Outro caso notório foi o da Amazon, que também aboliu o ChatGPT nos seus domínios, uma vez que verificou que as respostas que este robot de conversação devolvia às perguntas de qualquer utilizador sobre a empresa eram muito parecidas com o código-fonte (que é fechado) da própria Amazon, expondo assim assuntos privados.

 

Estudo: mais de metade dos colaboradores partilha conteúdos da empresa em plataformas de IA

Contudo, estes dois gigantes — Samsung e Amazon — não estão sozinhos neste ‘drama’. Um estudo da Cisco de 2025 sobre privacidade e segurança da informação dá conta de que mais de metade dos colaboradores das empresas sujeitas ao questionário insere dados de trabalho (alguns sigilosos) em plataformas de IA.

Em contraponto, e segundo o referido documento, a segunda maior preocupação manifestada pelos inquiridos (profissionais de cibersegurança) é que os assuntos partilhados nestes chatbots sejam sugeridos como resposta a qualquer pessoa, nomeadamente à concorrência.

O trabalho indica ainda que 86% das organizações reconhece o valor significativo que estes companheiros digitais representam no dia a dia. Mas, afinal, como está a reagir o tecido empresarial aos potenciais riscos destas ferramentas? Tipicamente, adotam uma de três abordagens.

 

Como é que as empresas protegem os seus dados em plataformas como o ChatGPT

Um dos posicionamentos mais comuns prende-se com a proibição total, ou seja, com bloquear o acesso a esta tecnologia de Inteligência Artificial Generativa nas redes e nos computadores, porque o perigo de fuga de informação é demasiado elevado.

Outra opção é comprar produtos off-the-shelf com garantias de privacidade, tais como o ChatGPT Enterprise ou o Microsoft 365 Copilot. Isto porque estas subscrições afiançam manter a peugada digital de cada um 100% sigilosa e ainda não fazer uso da mesma para treinar modelos de IA-Gen públicos (como a versão gratuita do ChatGPT).

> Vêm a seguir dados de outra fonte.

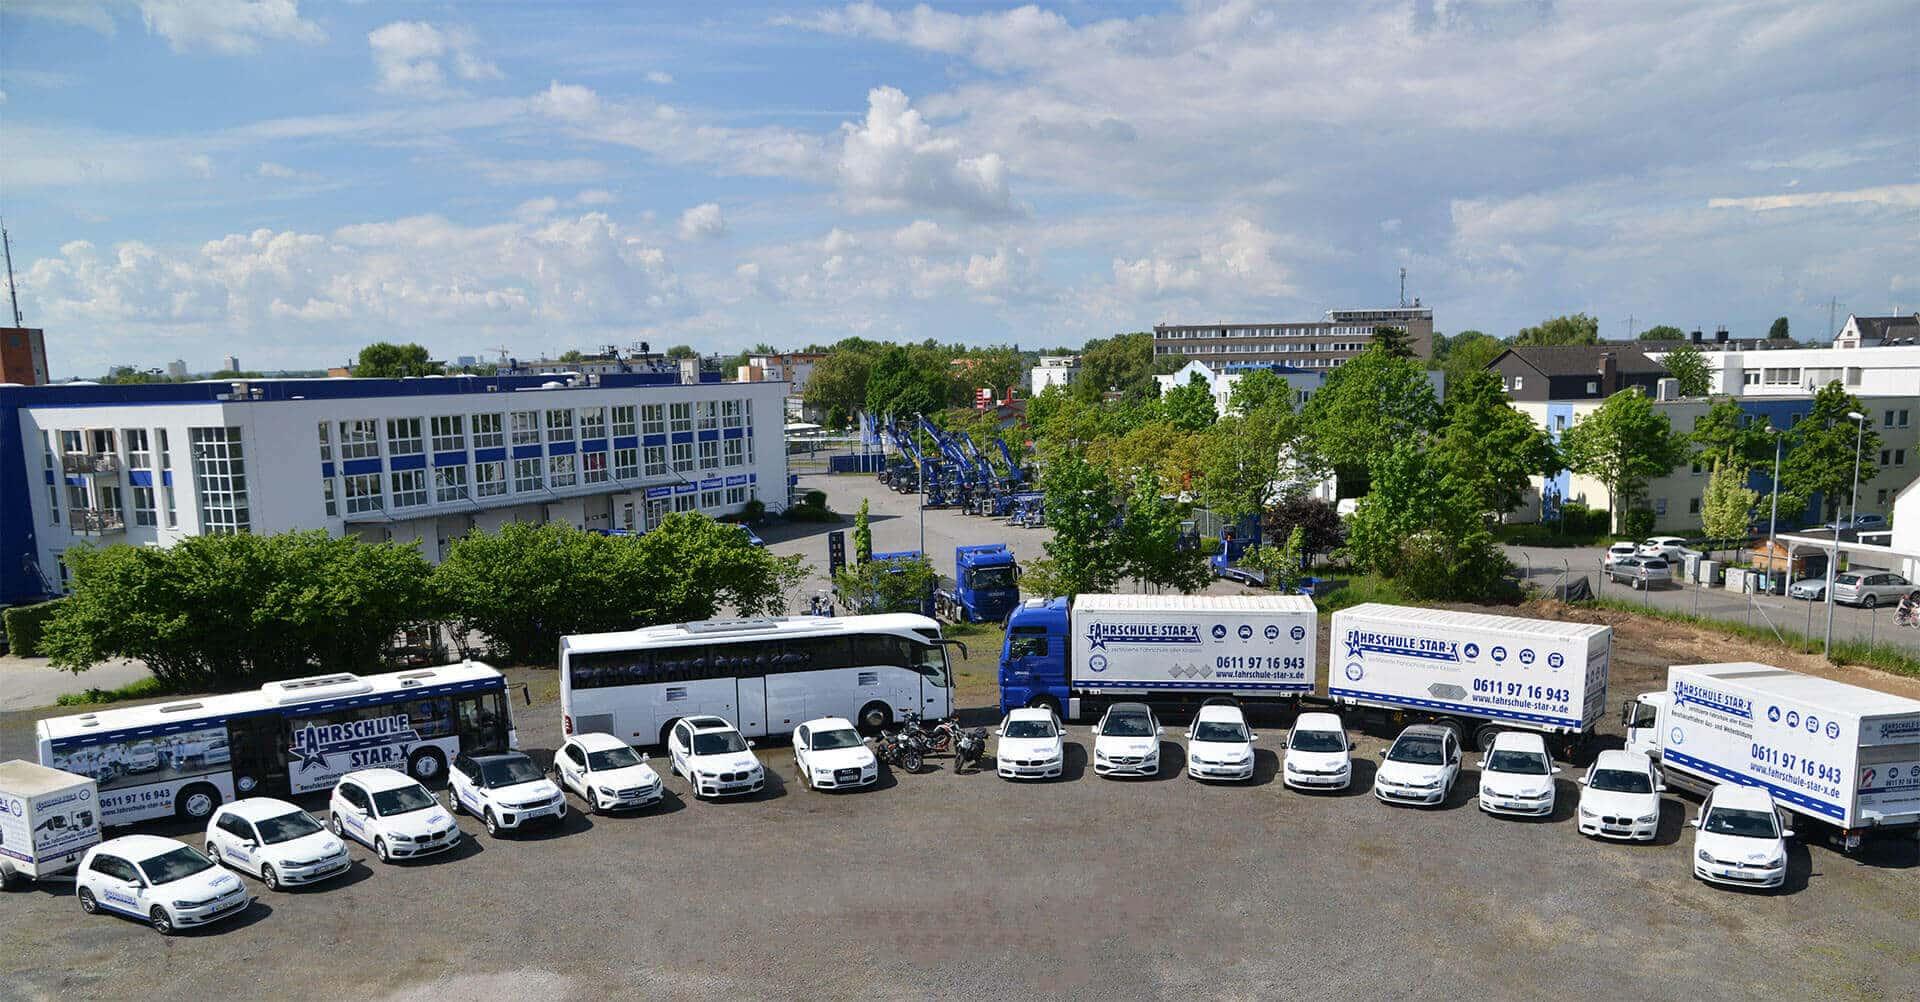 Fahrschule STAR-X Wiesbaden

Por último, soluções híbridas, as quais podem passar por duas situações. Cada empresa criar ‘o seu próprio ChatGPT’ (só estrutura), o qual depois é alimentado pela IA Generativa (conteúdos) alojada em clouds públicas (da Microsoft, Google ou Amazon) que asseguram confidencialidade. Outra possibilidade é usar modelos públicos (como o DeepSeek ou o Llama, pois o ChatGPT é privado), mas a informação de cada entidade estar alojada em clouds privadas.

É certo que sistemas como o ChatGPT são grandes aceleradores da inovação, mas também comportam ameaças. Por isso, cada vez mais, e bem, os organismos estão a dar formação aos colaboradores para que estes compreendam os potenciais problemas de introduzir dados, sobretudo sensíveis, nas mesmas.

Em suma, as tecnologias que integram IA-Gen já revolucionaram, a nível macro e micro, o quotidiano das entidades. Todavia, exigem gestão cuidadosa e regras claras para evitar riscos. Entre a eficiência e a segurança, é fundamental encontrar um ponto de equilíbrio que proteja os ativos mais valiosos de qualquer marca: informação e reputação.

Por isso, é imprescindível que cada um de nós, na esfera privada e laboral, tenha muita atenção e não se deixe seduzir por ‘ratoeiras fofinhas’ como os filtros ‘à la Studio Ghibli’ e Action Figures, pois podem perfeitamente ser a alavanca mascarada dos próximos Data Leaks.